Senbere Teferi (born 3 May 1995) is an Ethiopian professional middle- and long-distance runner who competes mainly in the 1500 metres and cross country running. She was the silver medallist at the 2015 IAAF World Cross Country Championships. She represented her country at the 2013 World Championships and won medals on the track and World Youth and World Junior levels.

Career
Born Senbere Teferi Sora, she won her first international medal at the 2011 World Youth Championships in Athletics, placing second in the 1500 m to Kenya's Faith Kipyegon. She rose to the top of the national scene with a 1500 m win at the Ethiopian Athletics Championships. She took a prominent scalp in the form of Tiki Gelana at the Women First 5K in Addis Ababa in March 2012. At the 2012 World Junior Championships in Athletics she achieved a personal best of 4:08.28 minutes in the 1500 m final, but was again defeated by Kipyegon and also by Amela Terzić, leaving her with the junior bronze.

Senbere opened the 2013 season with a win at the national junior championships, taking the 3000 metres by a margin of nearly seven seconds.
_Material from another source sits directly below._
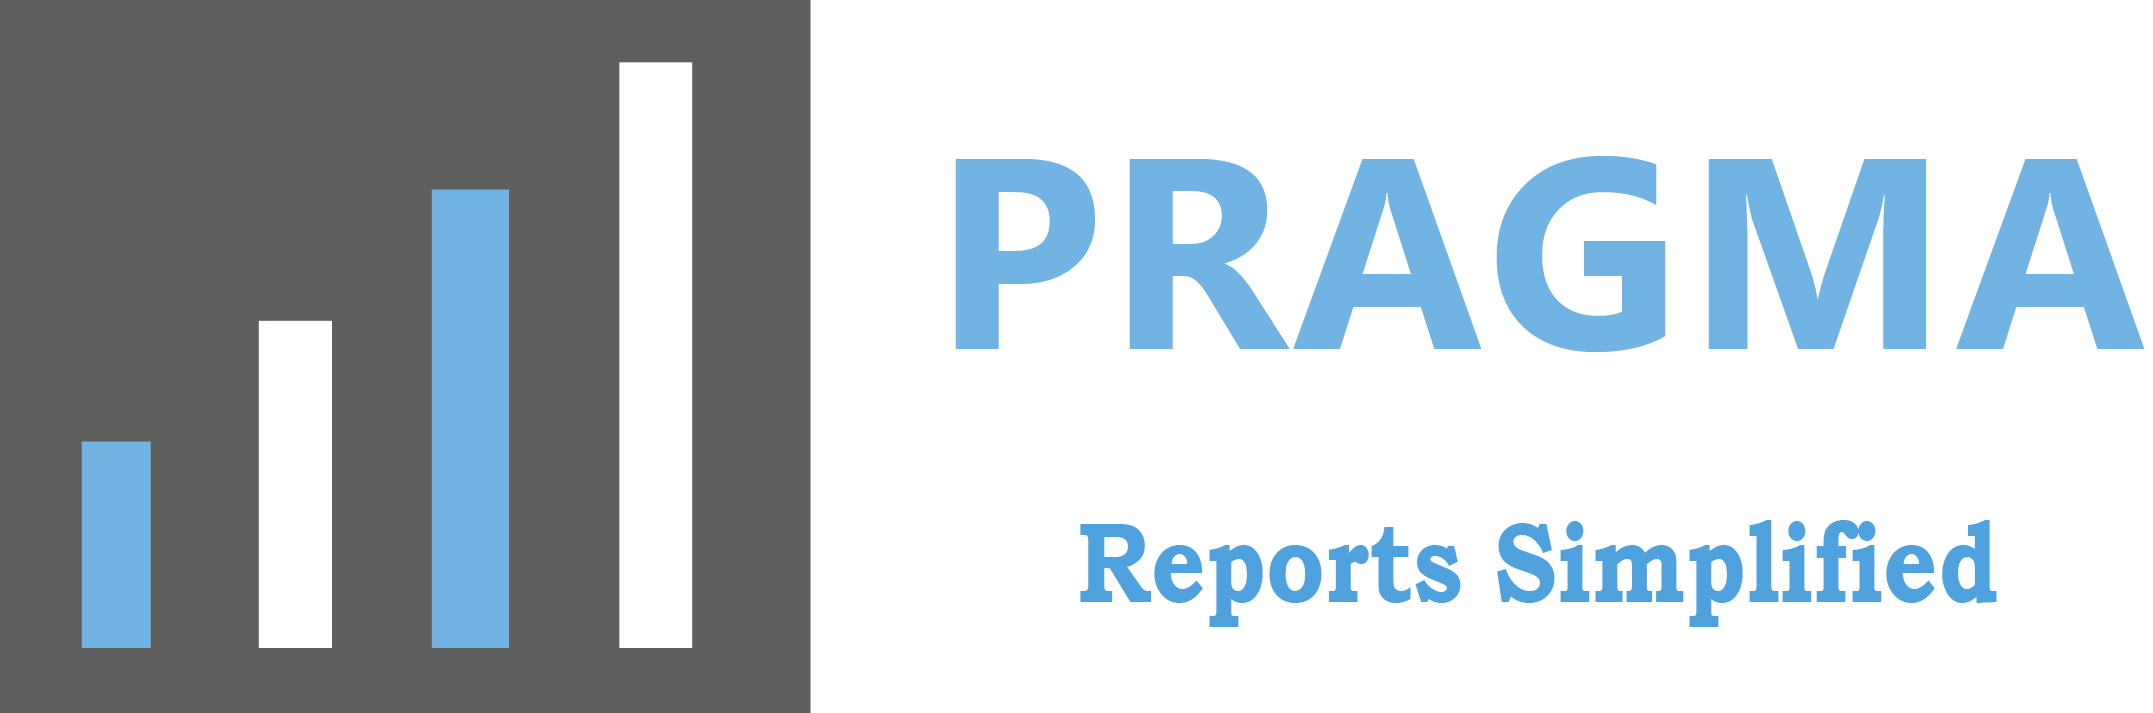 https://www.pragmamarketresearch.com/reports/119562/global-pharmaceutical-blister-packaging-market/inquiry?UTM=PRohit

At the senior Ethiopian championships she made her debut over the 5000 metres and held off competition from Alemitu Heroye to lift her second national title. She began to move into cross country running at the end of the year and placed third in the junior section of the Ethiopian Clubs Cross Country Championships. The following year, she was among the favourites for the 2014 World Junior Championships in Athletics after a world-leading junior time of 8:41.54 minutes in the 3000 m at the Doha Diamond League, but ultimately did not compete. She scored an African junior record in the 2000 metres at the Golden Spike Ostrava meeting with a time of 5:34.27 minutes, finishing behind Genzebe Dibaba who was making an attempt at the world record.

Cross country was her focus after the track season. She won the Cross de l'Acier in France in November 2014. She was chosen for the senior Ethiopian team for the 2015 IAAF World Cross Country Championships and, in spite of her suffering an injury in the week before the event, she took to the front pack alongside Agnes Jebet Tirop and the two became the race protagonists, with Tirop eventually beating Senbere in the final 200 m, leaving the Ethiopian with the silver medal. Senbere's senior debut also saw her head the Ethiopian women to the team title, helped by her compatriot (and bronze medallist) Netsanet Gudeta.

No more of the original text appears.